Roman road construction started with the digging of a trench a meter or more deep down to the foundation soil. After this was reached the road was constructed in layers.

  1. The bottom layer was the foundation soil itself, compacted to be hard and even and covered with a layer of sand
  2. The next layer was the statumen, made of fist-sized rocks to a depth of 30-60 cm.
  3. The rudus was a layer of crushed rock a few cm in size and bound with mortar, around 20 cm thick
  4. The nucleus came next, and was a mix of sand, gravel, and cement 30 cm in depth.
  5. The summum dorsum is the top, visible layer made of flat blocks of around 15 cm in thickness.

The roads were around 6 m wide to allow two way traffic of carts and troops. They were cambered higher in the middle to allow drainage down to the curb. There was often a strip of packed earth or gravel specifically for pedestrian and horse traffic to the side of the road. The resulting roads were durable and all-weather capable. The Latin word for layers is strata, from which we derived the word street.

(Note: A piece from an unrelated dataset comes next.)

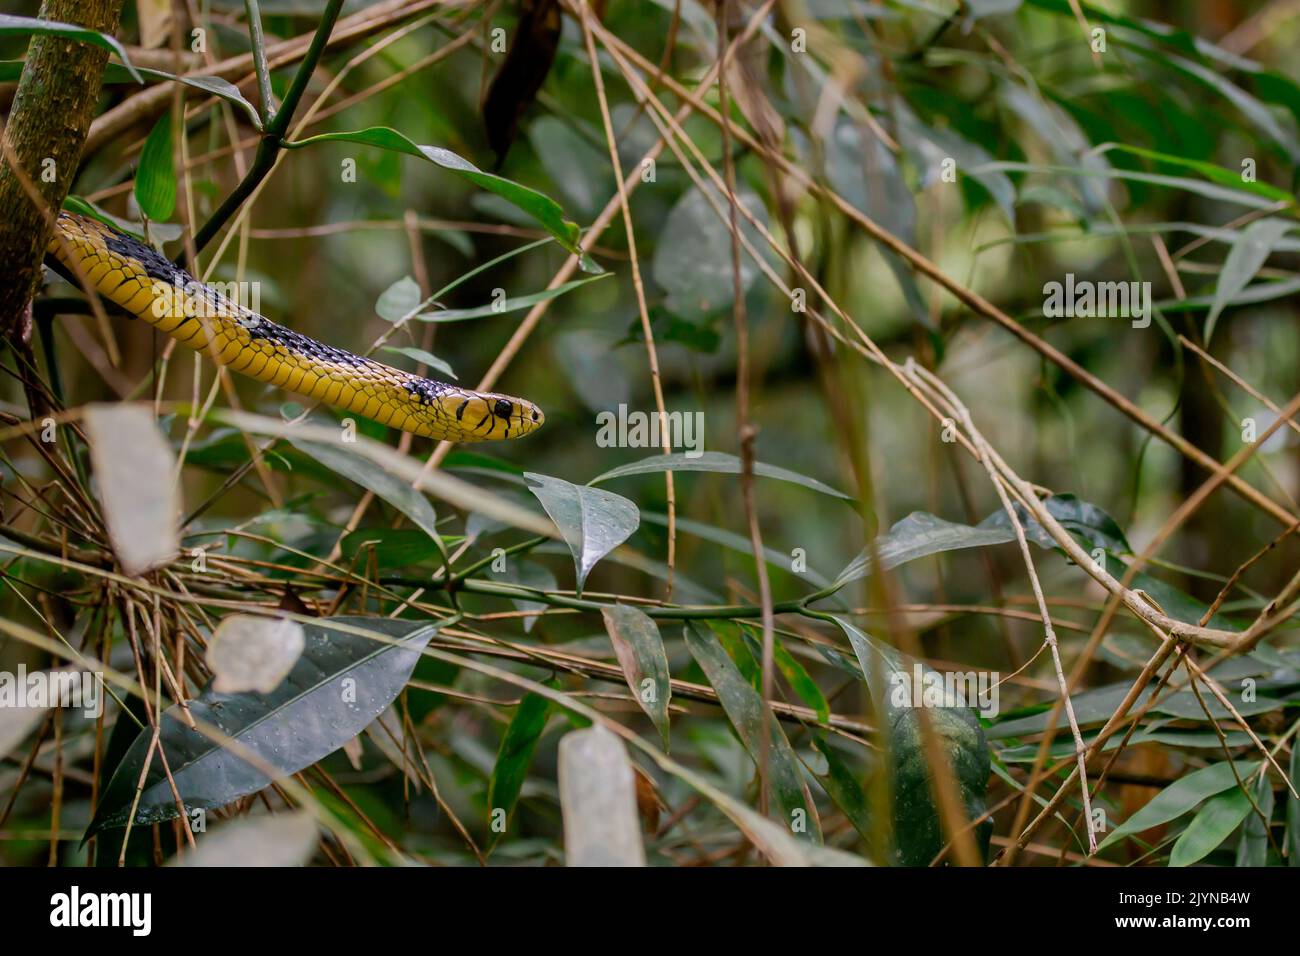 Caninana (Spilotes pullatus), Atlantischer Wald, Ilhabela, Bundesstaat Sao Paulo, Brasilien Stockfoto
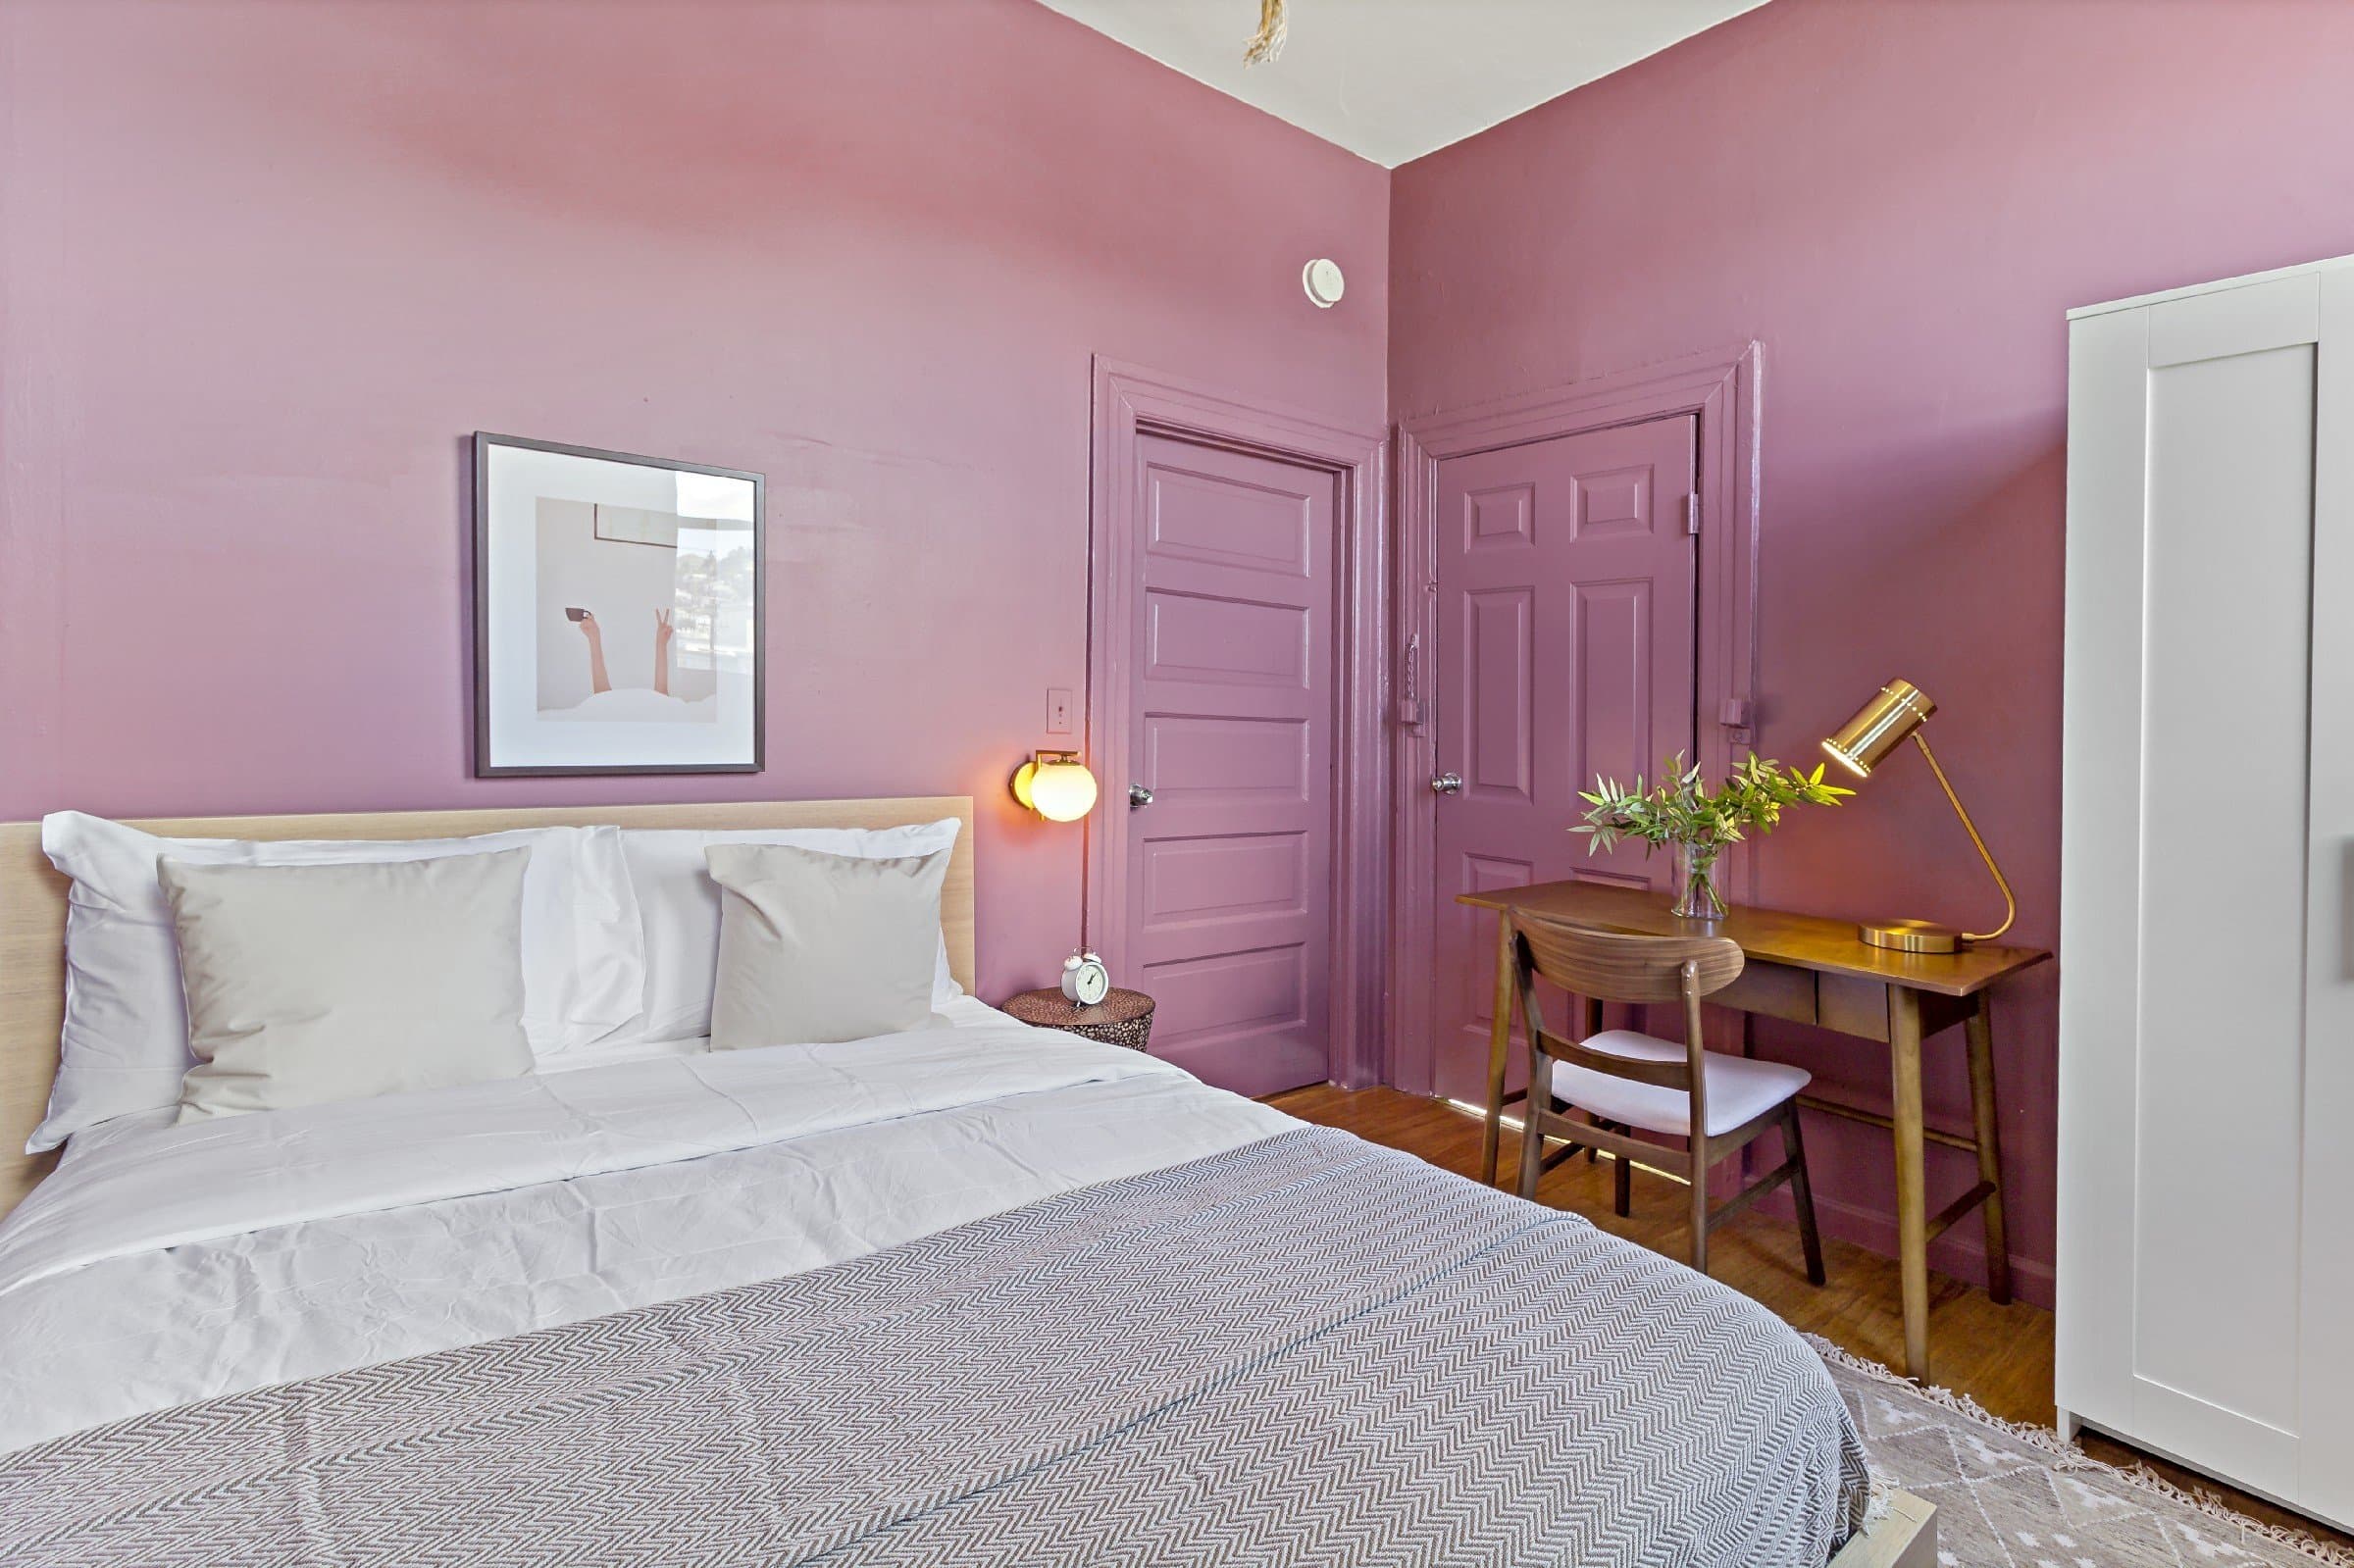 Photo 14 of #902: Queen Bedroom B at June Homes

Road construction occurred on an ad hoc basis. Basically, as the Republic (and later the Empire) expanded, roads were built to the newly-conquered territories. Generals who conquered new lands were expected to build roads into them at their own expense (financed but the plunder of their conquests). Most of Roman expansion was done by the end of the second century BC. A second wave of construction accompanied the move of the Roman capital to Constantinople in AD 323, as the city was essentially new and required a new infrastructure to support it.

So to answer your question, the total road network took as long to build as the empire lasted (all the way to 1453 in the East). But the major parts of the network were already in place by 100 BC, and had taken over 250 years to get that far.